Study Rationale: Our new MJFR14-proximity ligation assay (PLA) technique has demonstrated an ability to detect disease-associated aggregates of alpha-synuclein in brain tissue previously considered unaffected by abnormalities associated to Parkinson’s disease. We want to test if this novel technique can be used as a disease biomarker in patients using blood and skin samples. If successful, this could be used to quantify treatment responses in clinical trials.
Hypothesis: We want to test if MJFR14-PLA positive signals are present in skin biopsies, blood cells and extracellular vesicles isolated from blood of patients with Parkinson’s disease.
Study Design: The optimization and validation phase will test different MJFR14-PLA formats on patient skin biopsies, blood cells and total and neuron-derived extracellular vesicles from blood. A PLA format targeting soluble alpha-synuclein aggregates will also be developed. The validation will be performed on skin biopsy cohorts from Parkinson’s disease, dementia with Lewy bodies (DLB) and controls, as well as blood-based samples from DLB and control patients. Upon successful validation, the sensitivity and specificity will be tested in the established S4 cohort for skin samples and blood from a DLB and REM Sleep Behavior Disorder cohort. This will determine if the assays are ready for clinical studies.

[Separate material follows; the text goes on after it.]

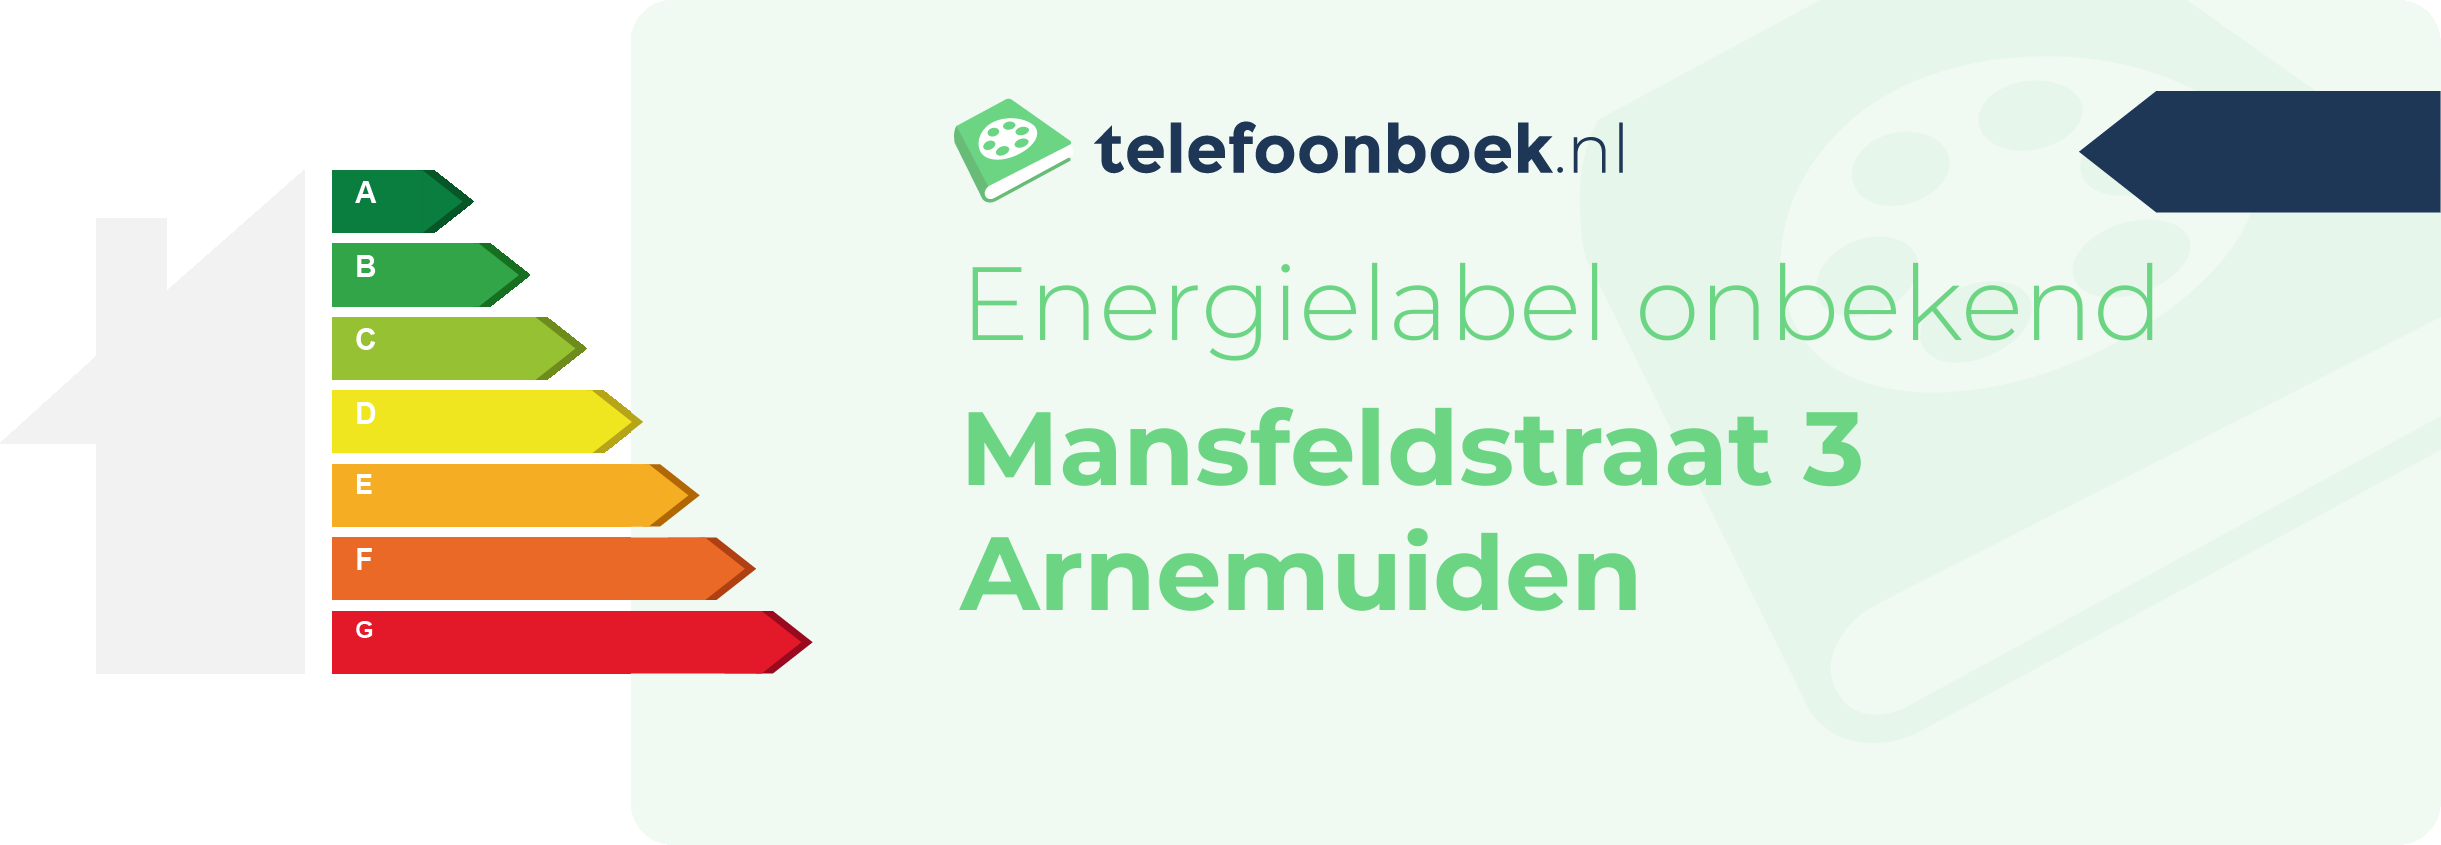 Energielabel Mansfeldstraat 3 Arnemuiden

Impact on Diagnosis/Treatment of Parkinson’s disease: Aggregation of alpha-synuclein plays a pivotal role in Parkinson’s disease and is the target for multiple therapies being tested in clinical trials. A successful outcome of this project will facilitate studies of treatment responses in patients by allowing consecutive samples to be analyzed from the patient during the treatment.
Next Steps for Development: The next step will be to make optimized protocols and facilitate generation of test kits that can be distributed to investigators in the clinic and pharma.